→ GIVEN RECORDS
•••••

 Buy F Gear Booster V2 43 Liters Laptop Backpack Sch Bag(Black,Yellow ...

•••••

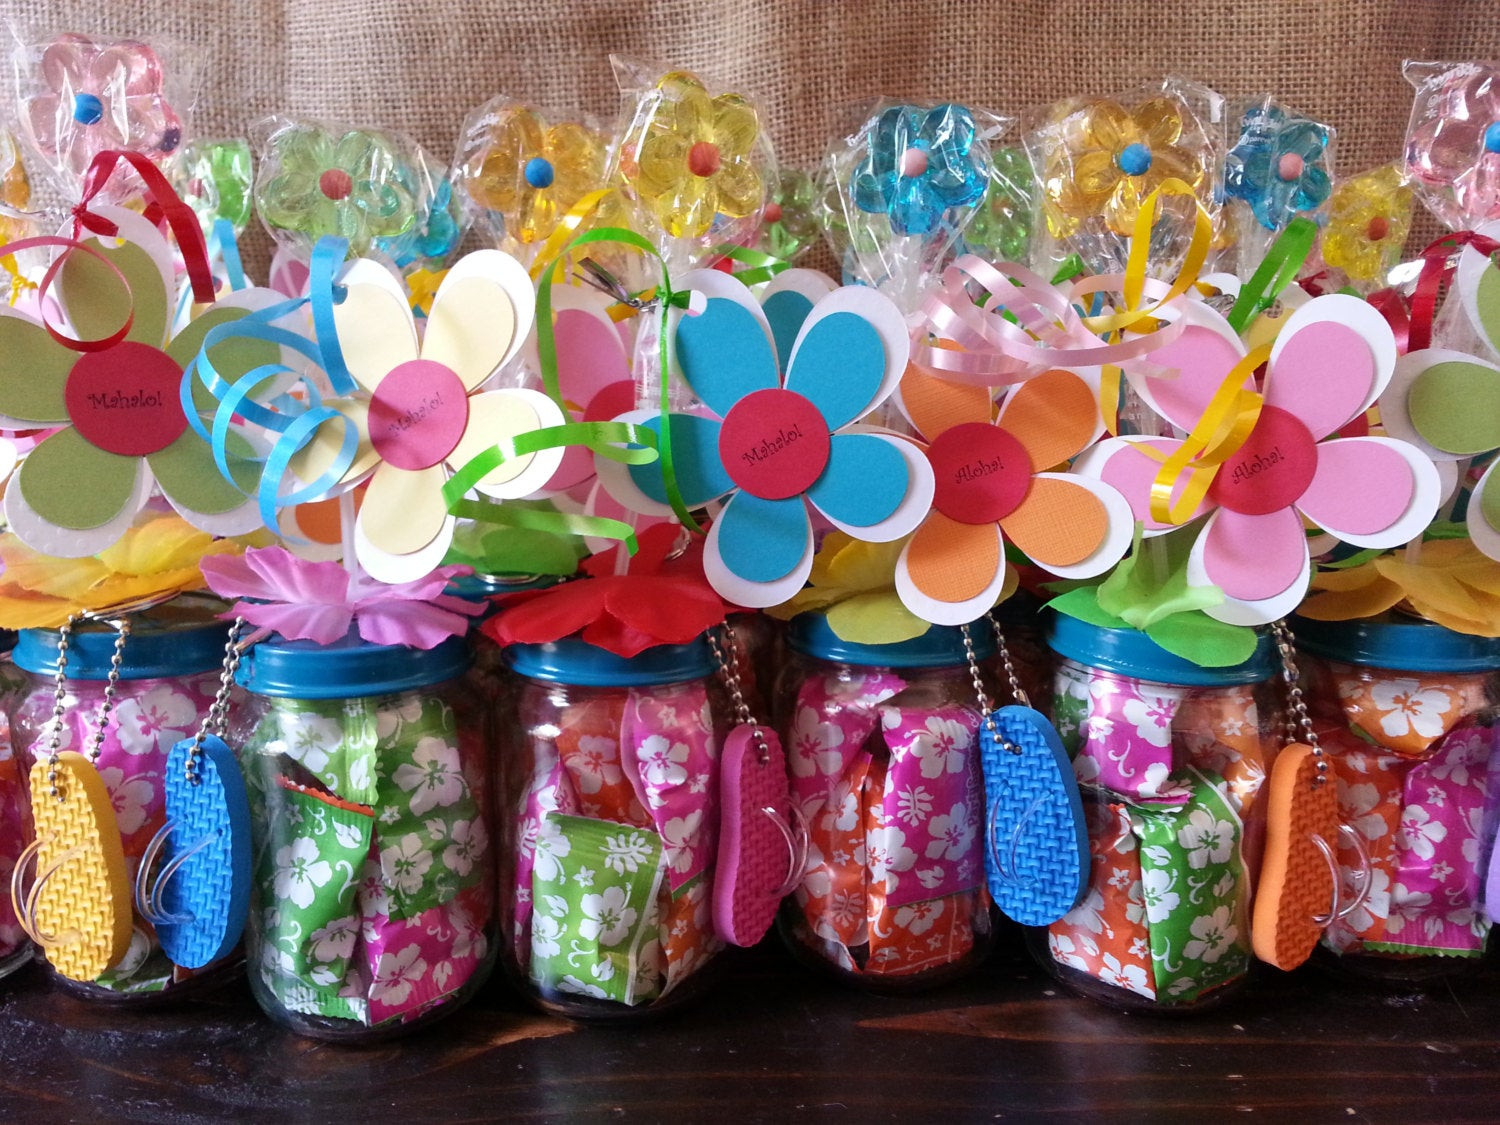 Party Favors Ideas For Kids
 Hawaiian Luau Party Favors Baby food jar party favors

•••••

→ GOAL OF THE EXERCISE
Once the line with "Party Favors Ideas For Kids" is found above, print it and every line after it through the line with "Hawaiian Luau Party", exactly. Pictures stay out.

→ THE COMPLETED TASK
 Party Favors Ideas For Kids
 Hawaiian Luau Party Favors Baby food jar party favors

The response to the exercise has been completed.